Assigned task -> A line below contains "Korean make up", and a later one contains "A/B testing display ad optimization". Repeat both, with every line between them, exactly.

Data to use ->
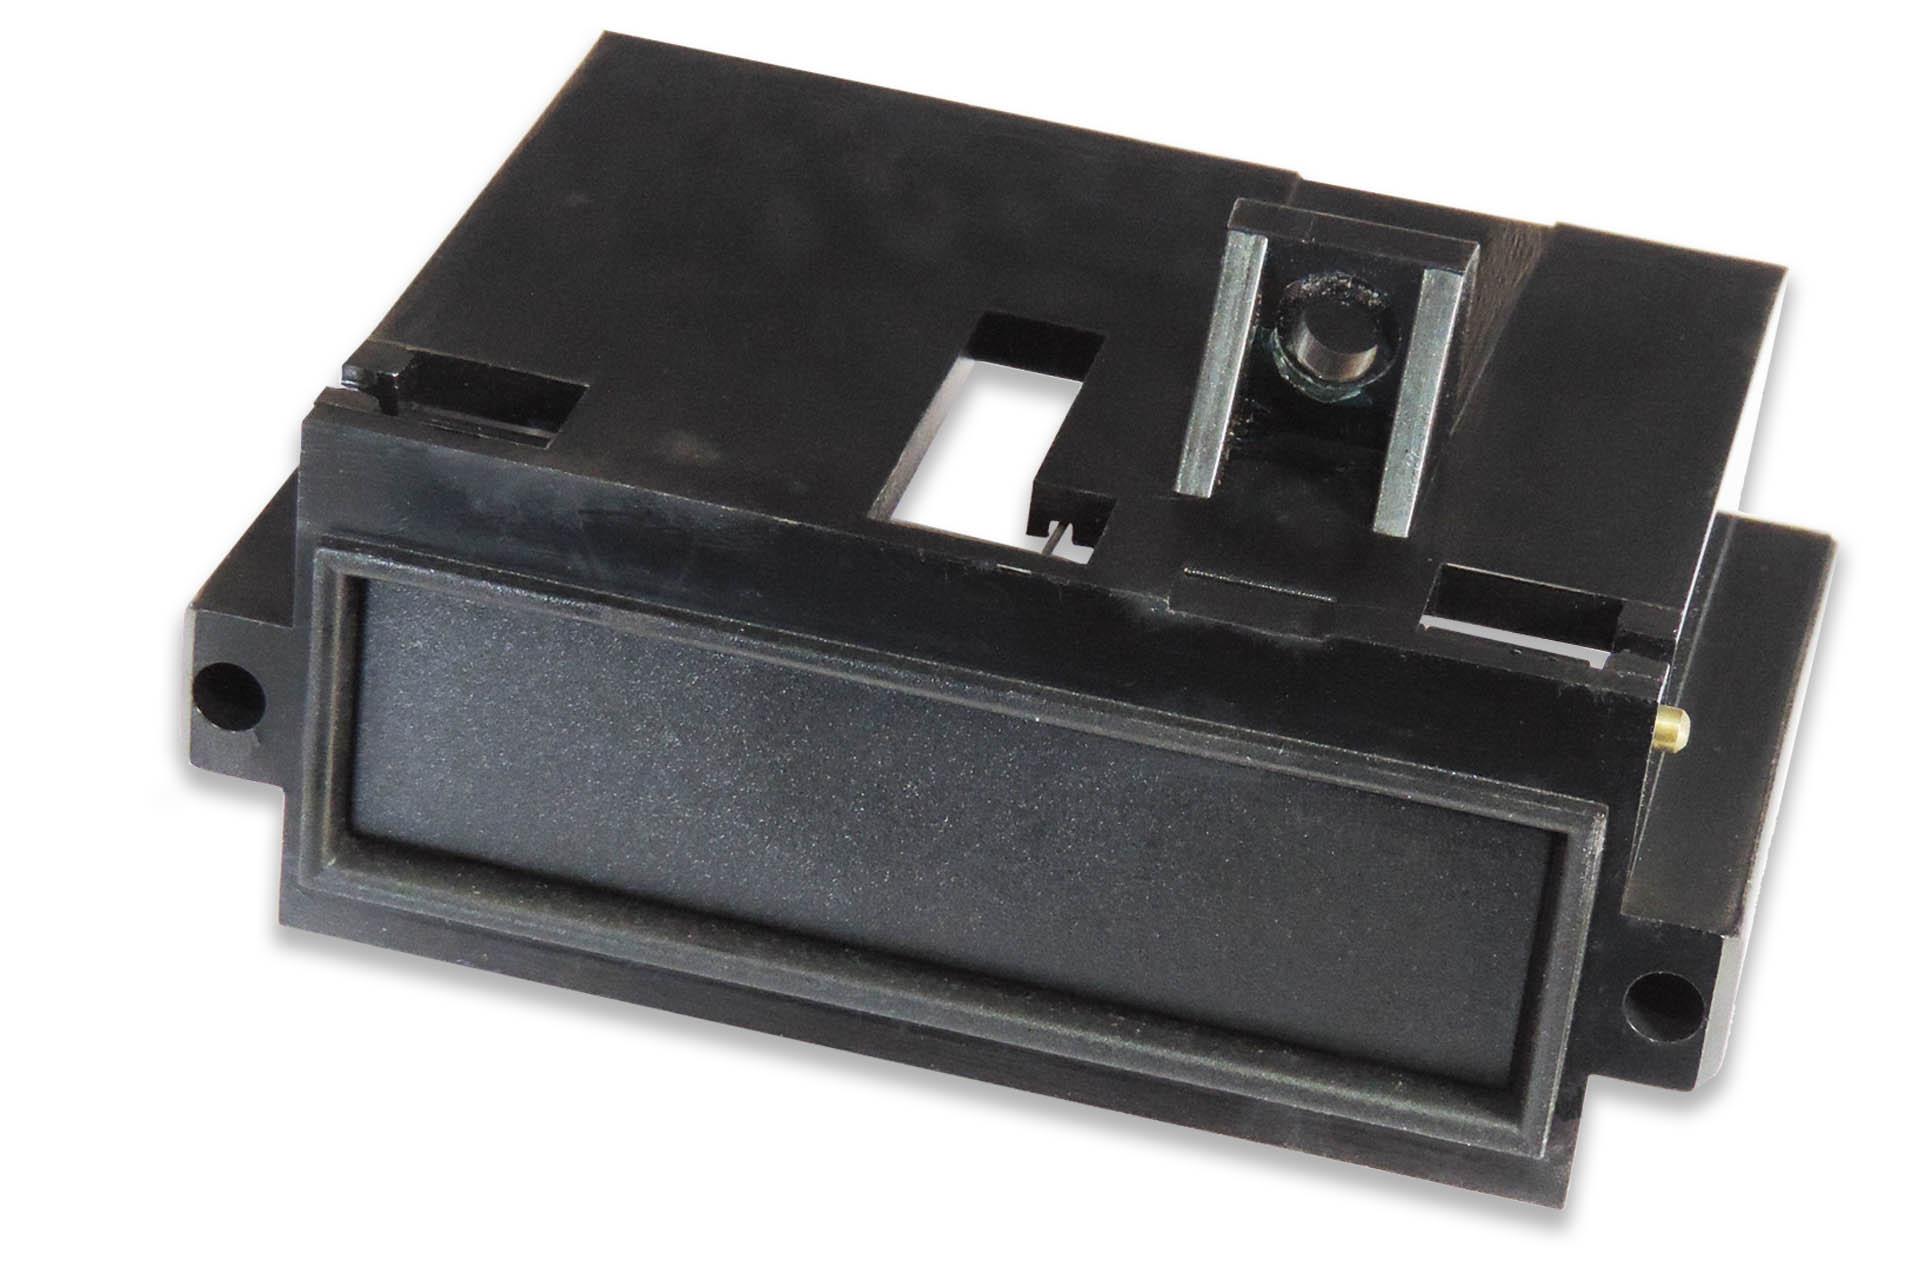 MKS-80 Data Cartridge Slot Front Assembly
* * *
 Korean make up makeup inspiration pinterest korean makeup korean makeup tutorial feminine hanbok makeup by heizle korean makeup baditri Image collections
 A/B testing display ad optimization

Result of this exercise ->
 Korean make up makeup inspiration pinterest korean makeup korean makeup tutorial feminine hanbok makeup by heizle korean makeup baditri Image collections
 A/B testing display ad optimization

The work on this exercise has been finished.